A comprehensive review published in the International Journal of Molecular Sciences in 2025 catalogued the breadth of Epitalon research, characterizing the peptide as possessing \"significant geroprotective and neuroendocrine effects\" arising from antioxidant, neuroprotective, and antimutagenic mechanisms (Araj et al., 2025). The peptide's primary research interest centers on its capacity to activate telomerase through upregulation of the human telomerase reverse transcriptase (hTERT) catalytic subunit, its modulation of pineal melatonin biosynthesis, its anti-inflammatory properties in monocyte/macrophage cell lines, and its antioxidant capabilities that in some experimental models exceed those of melatonin itself.
The peptide demonstrates dual pathways for telomere elongation: a telomerase-dependent pathway in normal cells requiring 3-week incubation, and an Alternative Lengthening of Telomeres (ALT) pathway in cancer cells producing significant telomere extension within 4 days. Recent quantitative evidence by Al-dulaimi et al. (2025) showed 12-fold hTERT upregulation in 21NT cancer cells and dose-dependent telomere length extension in normal cells. The majority of preclinical and clinical studies have been conducted by Khavinson's group in Russia, though the 2025 study by Al-dulaimi et al. represents the first independent confirmation of Epitalon's telomerase-activating and telomere-elongating properties in human cell lines. No registered human clinical trials appear in the ClinicalTrials.gov database, and the compound remains investigational without regulatory approval.

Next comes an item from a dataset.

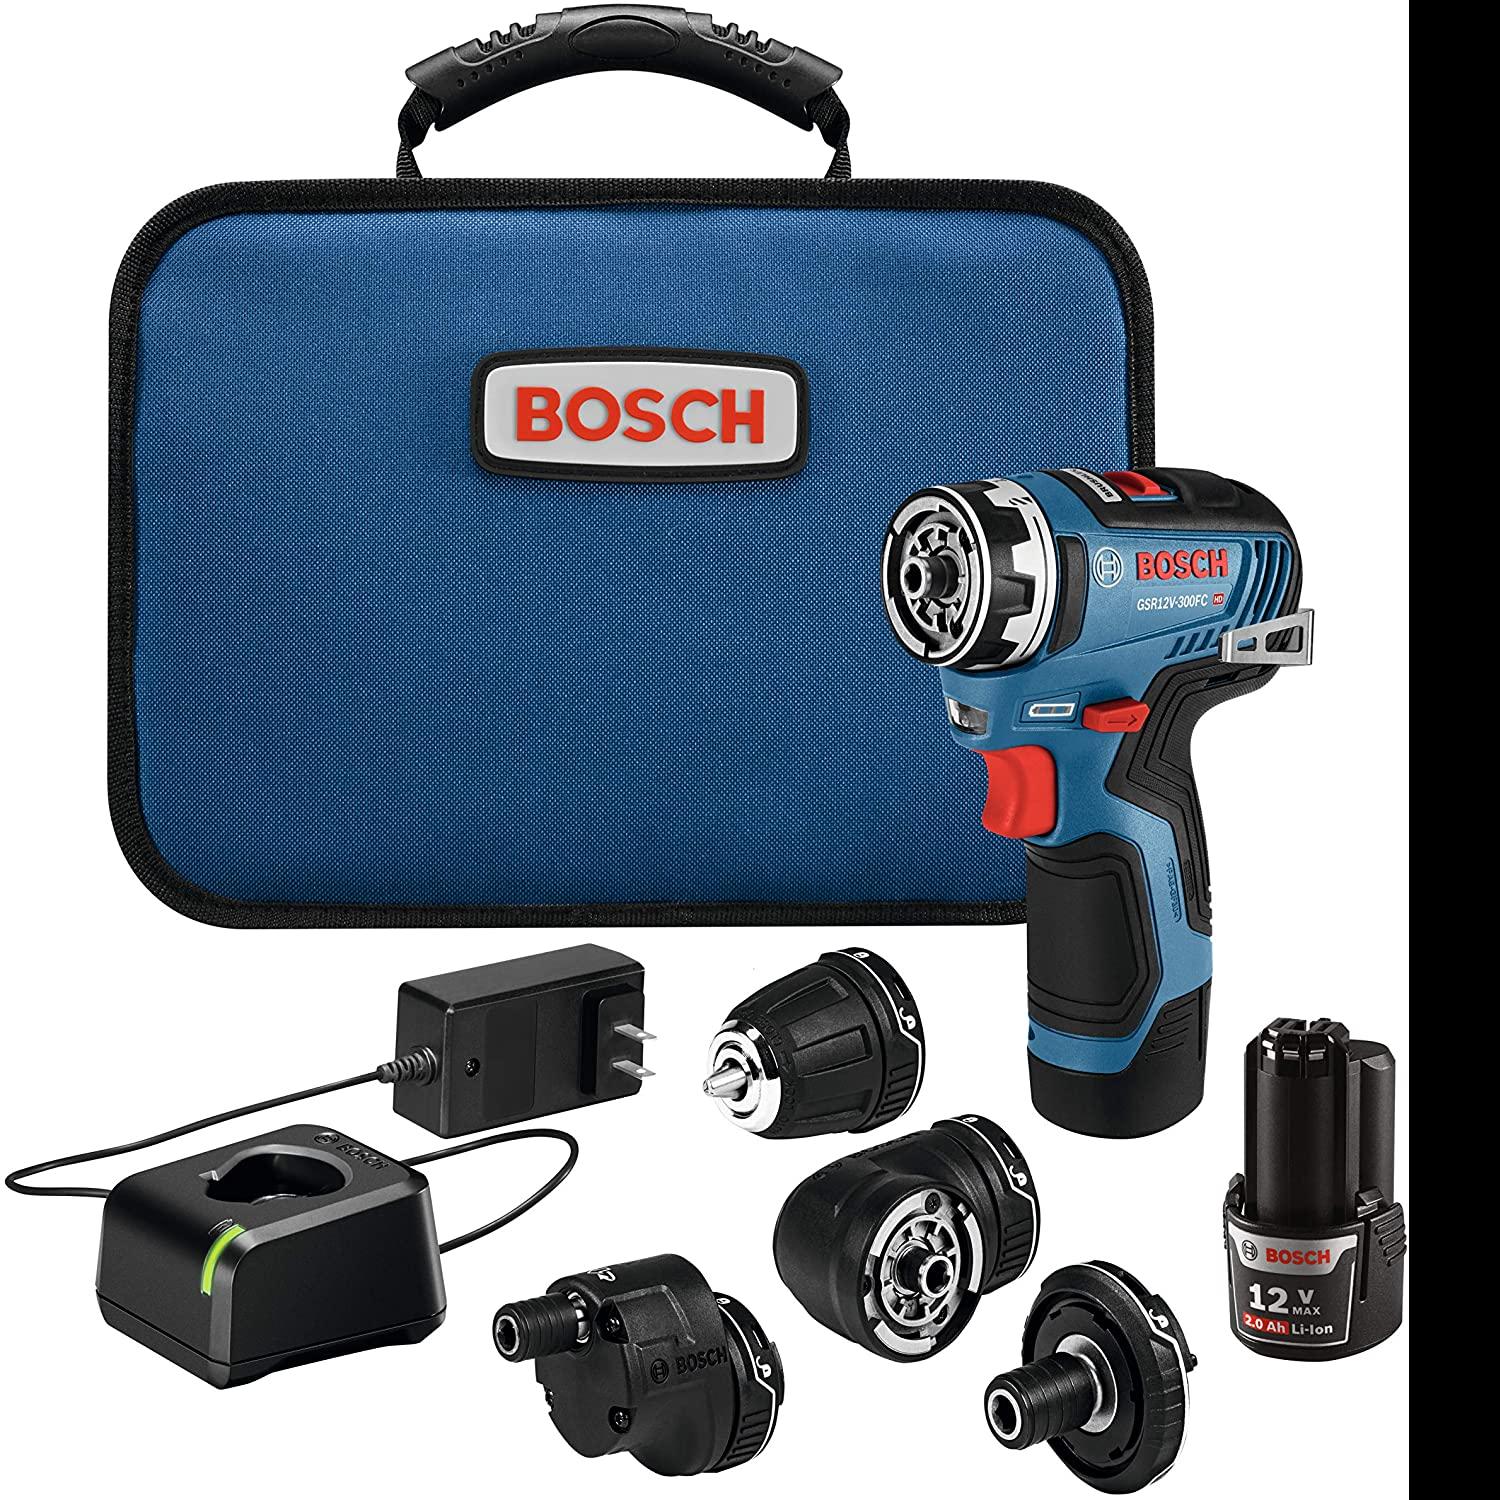 Bosch 12V Max EC Flexiclick Drill Driver System Kit for $149 Shipped

Primary Research Applications
Mechanism of Action
Telomerase Activation and hTERT Gene Expression
hTERT Upregulation — Epitalon activates telomerase enzyme activity through upregulation of the human telomerase reverse transcriptase (hTERT) catalytic subunit. Treatment of breast cancer cell lines 21NT and BT474 and normal epithelial (HMEC) and fibroblast (IBR.3) cells with epitalon at concentrations of 0.1-1.0 μg/mL produced 12-fold hTERT upregulation in 21NT cells at 1 μg/mL and 5-fold upregulation in BT474 cells at 0.5 μg/mL. Dose-dependent telomere length extension in normal cells followed 3-week exposure. The mechanism involves direct interaction with promoter regions of the telomerase gene, where the peptide binds specific DNA sequences including ATTTC motifs (Al-dulaimi et al., 2025).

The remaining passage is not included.